Otomotivde Hızı Belirlemek: Tarifelerden Daha Büyük Düşünmek

Başkan Donald Trump'ın gümrük vergileriyle olan tutkusu, 1980'lerde, ilk kez gümrük vergilerinin "sözlükteki en güzel kelime" olduğunu söylediğinde başlıyor. 26 Mart'ta ABD'de üretilmeyen tüm otomobiller için yüzde 25'lik bir gümrük vergisi duyurdu, ancak ABD-Meksika-Kanada Anlaşması'na (NAFTA'nın halefi) uygun olan otomobil parçalarını istisna etti.

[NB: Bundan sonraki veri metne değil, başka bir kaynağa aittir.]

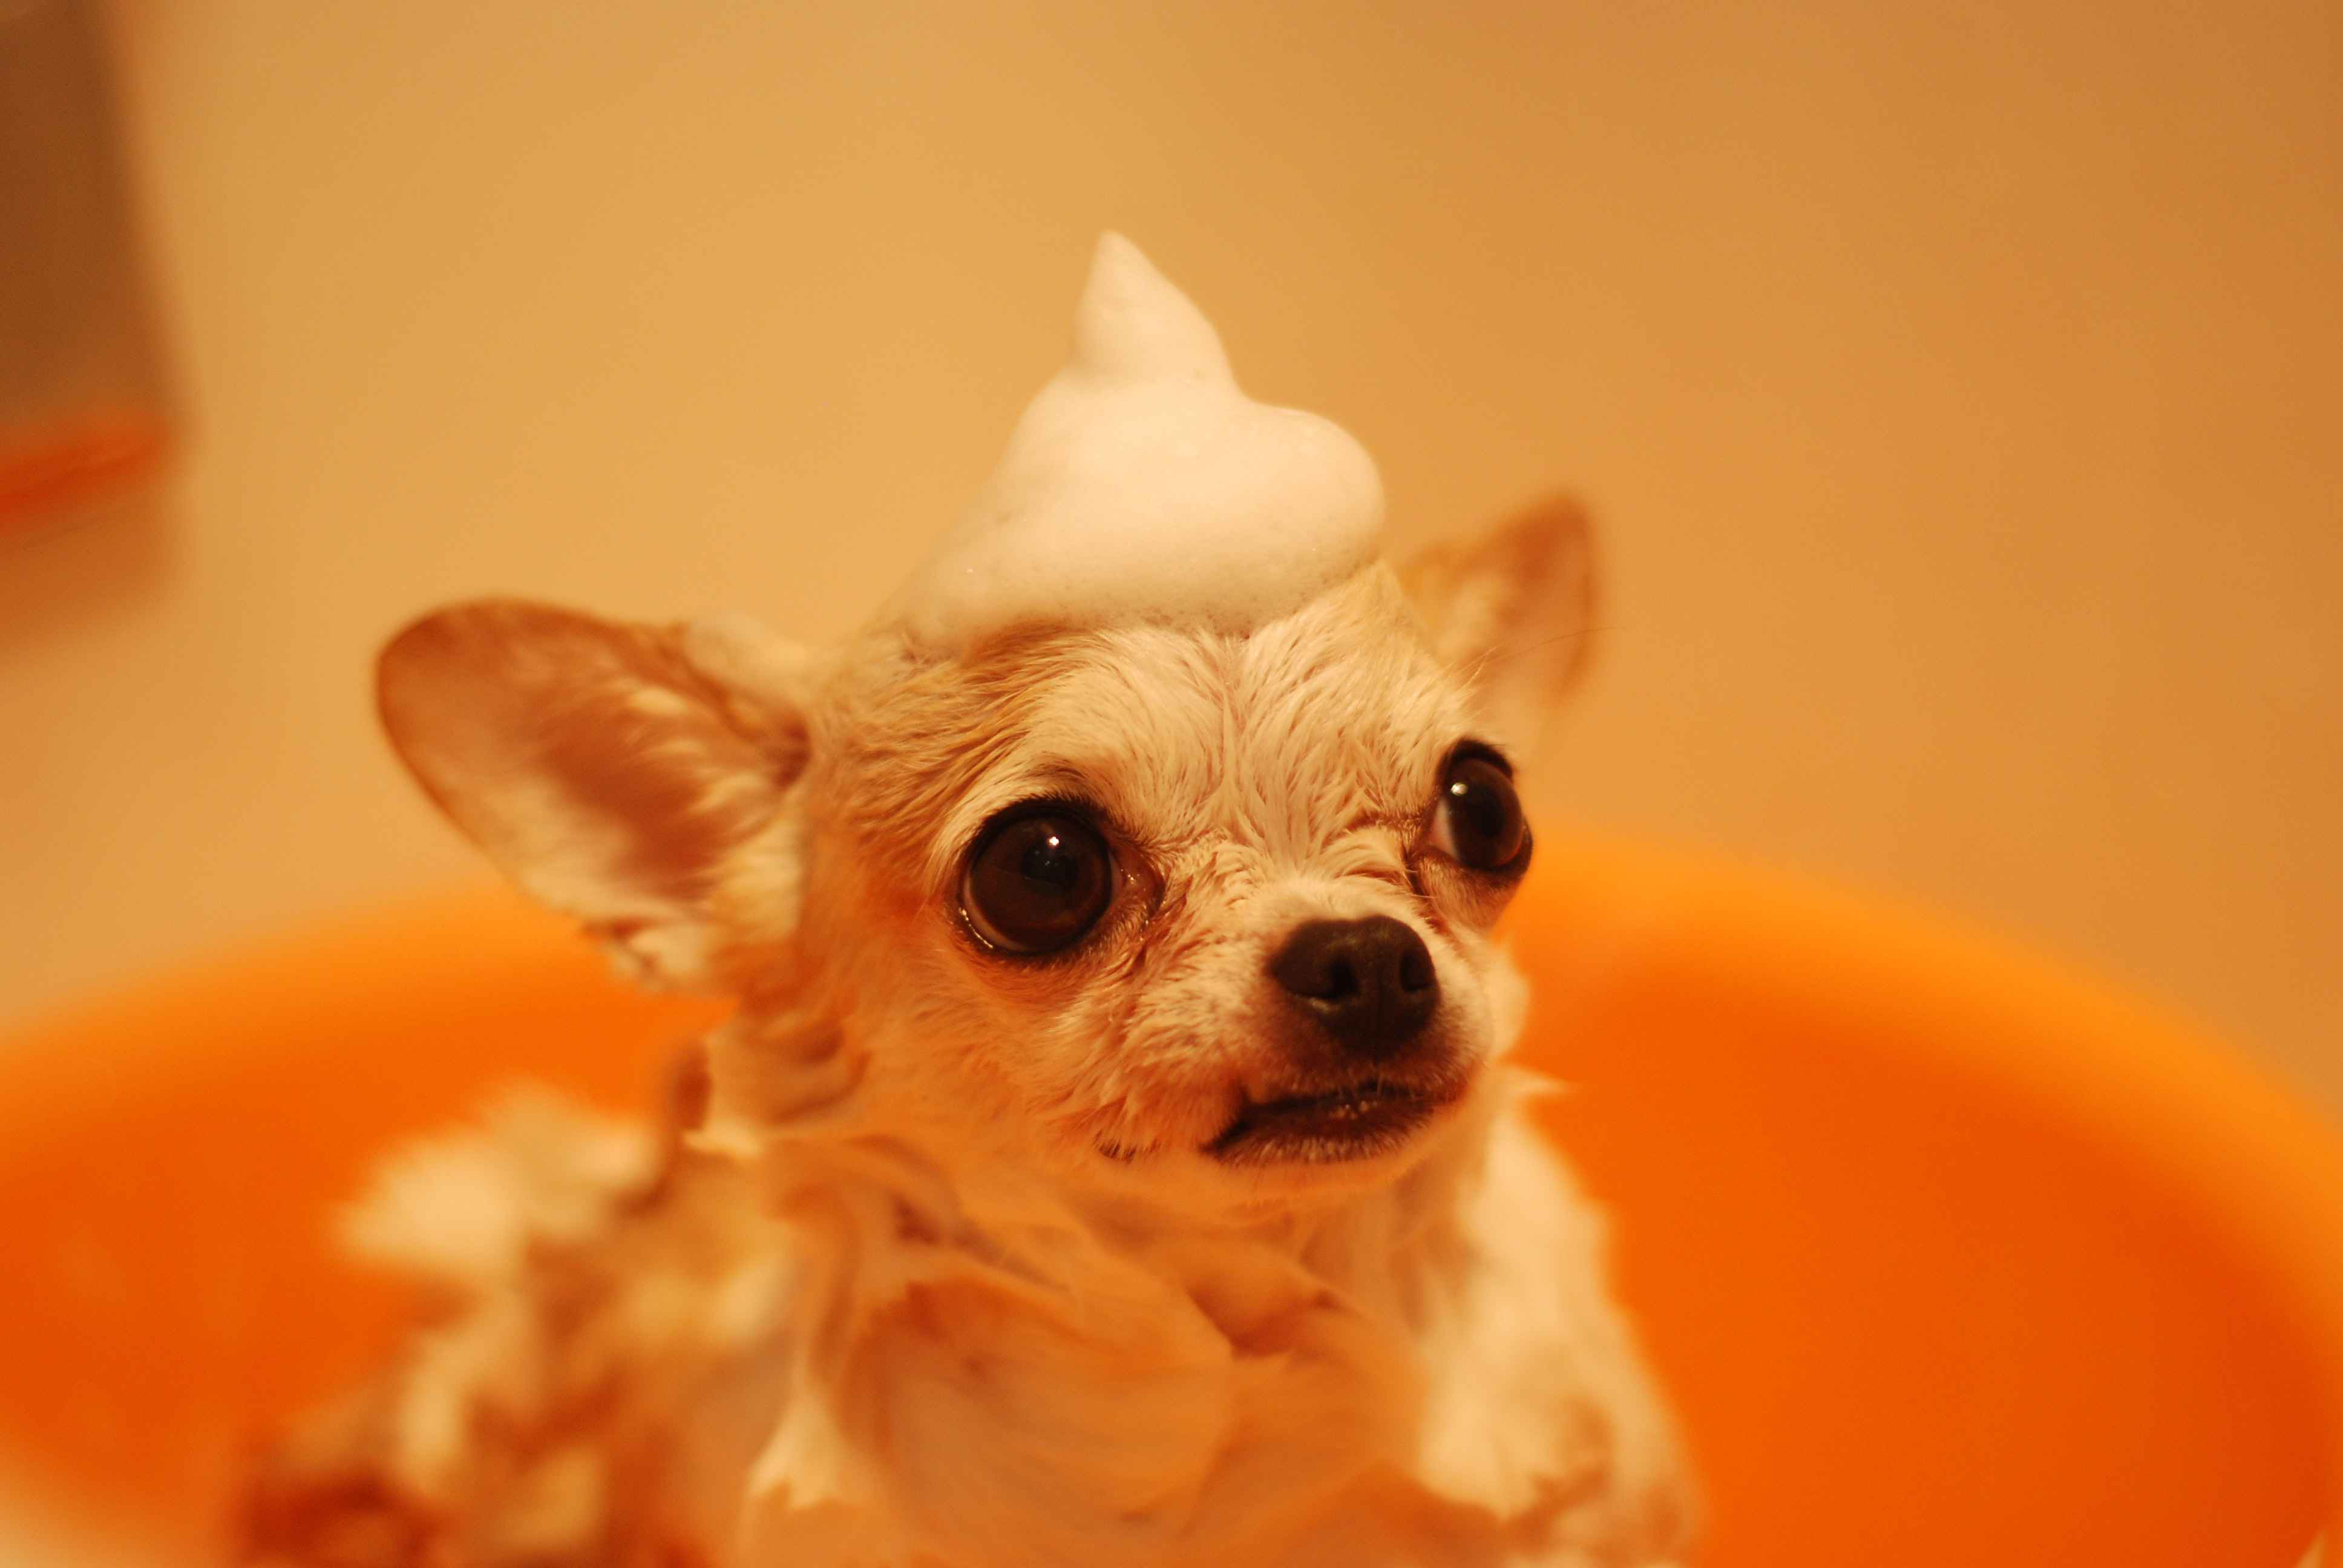 Can anger issues in Chihuahuas be managed through positive reinforcement?

Bu parçalar için ve ABD'de satılan araçların yüzde 25'i Meksika ve Kanada'da monte edildiği için, gümrük vergileri, aracın değerinin sadece ABD dışındaki kısmına, açıklanmamış bir tarihte kısmi olarak uygulanacak. Temel olarak, otomobil üretimi zaten Kuzey Amerika çapında o kadar entegre ki, yönetim Meksika ve Kanada için istisnalar bırakmış durumda.

Başkanın otomobil endüstrisine yaklaşımı, ABD ticaret politikasının hedeflerini netleştirmek için bir fırsat sunuyor. Çalışanların çıkarlarının ne olduğunu anlamak için, başkanın siyasi kaprislerini küresel kapitalizmin değişen özelliklerinde ayrı tutmalıyız.

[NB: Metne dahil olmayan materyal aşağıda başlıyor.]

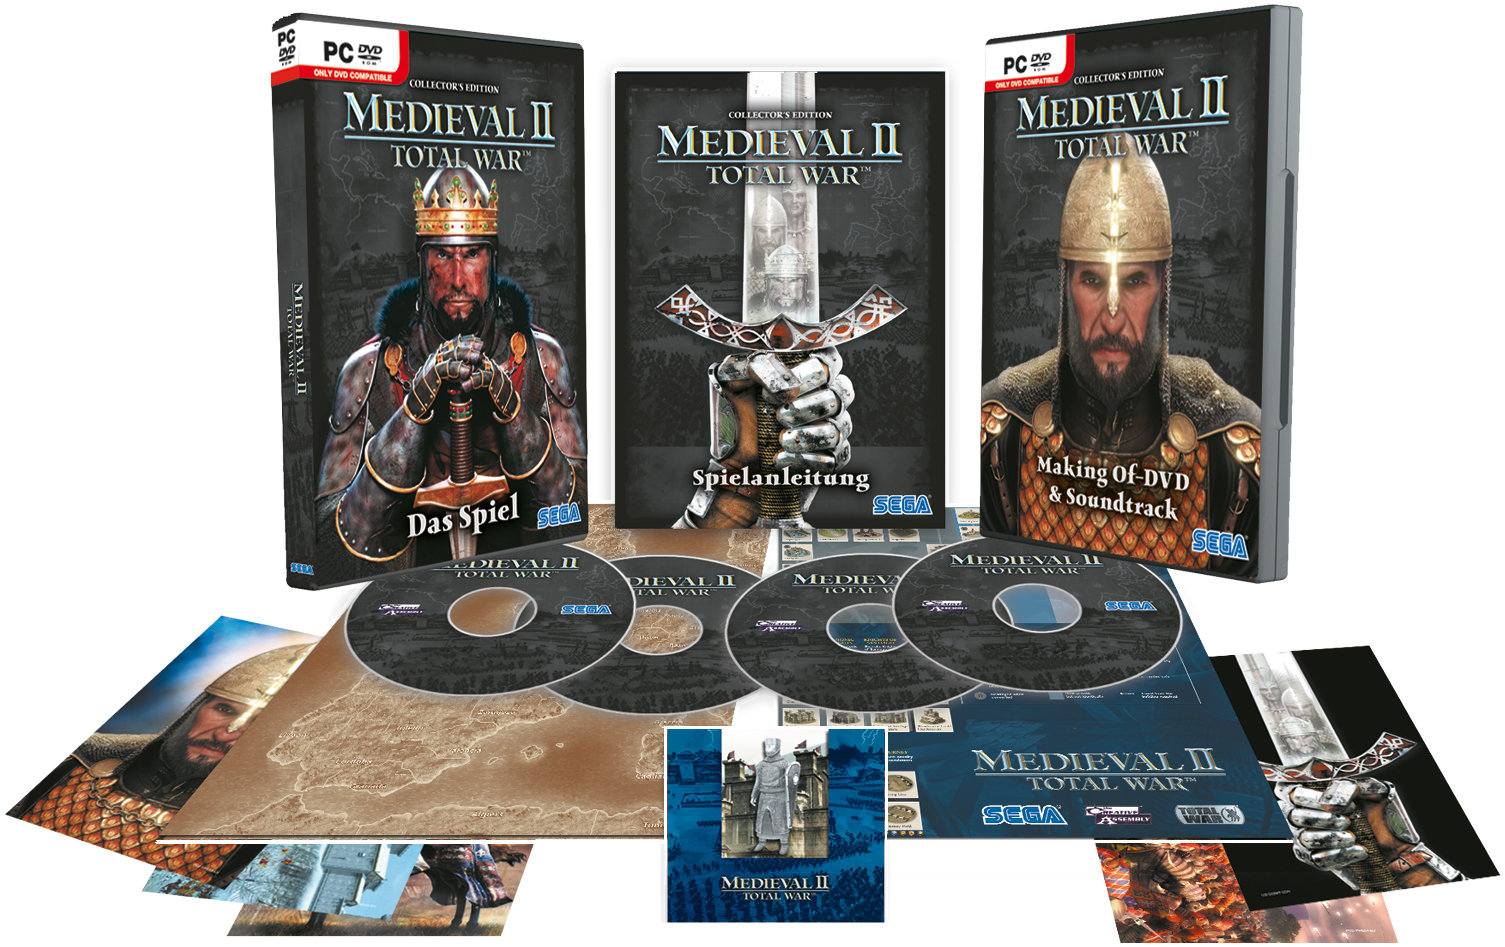 Medieval II Collector's Edition

Siyasetçiler ve otomobil yöneticileri için, ABD otomobil endüstrisinin küresel bir pazarın, ya da Kuzey Amerika kıtasal bir pazarın, ya da ulusal bir pazarın bir uzantısı olup olmayacağı söz konusudur. Her zaman olduğu gibi amaçları mümkün olan en yüksek kârdır ve ulusal sınırlar onlara kayıtsızdır.

Ancak, ABD imalat sektöründeki 12 milyon işçi için, bu yönetim altında ve 21. yüzyıl kapitalizminin bu anında işçi dostu, sendikalı bir ticaret politikası oluşturmanın mümkün olup olmadığı sorusu vardır.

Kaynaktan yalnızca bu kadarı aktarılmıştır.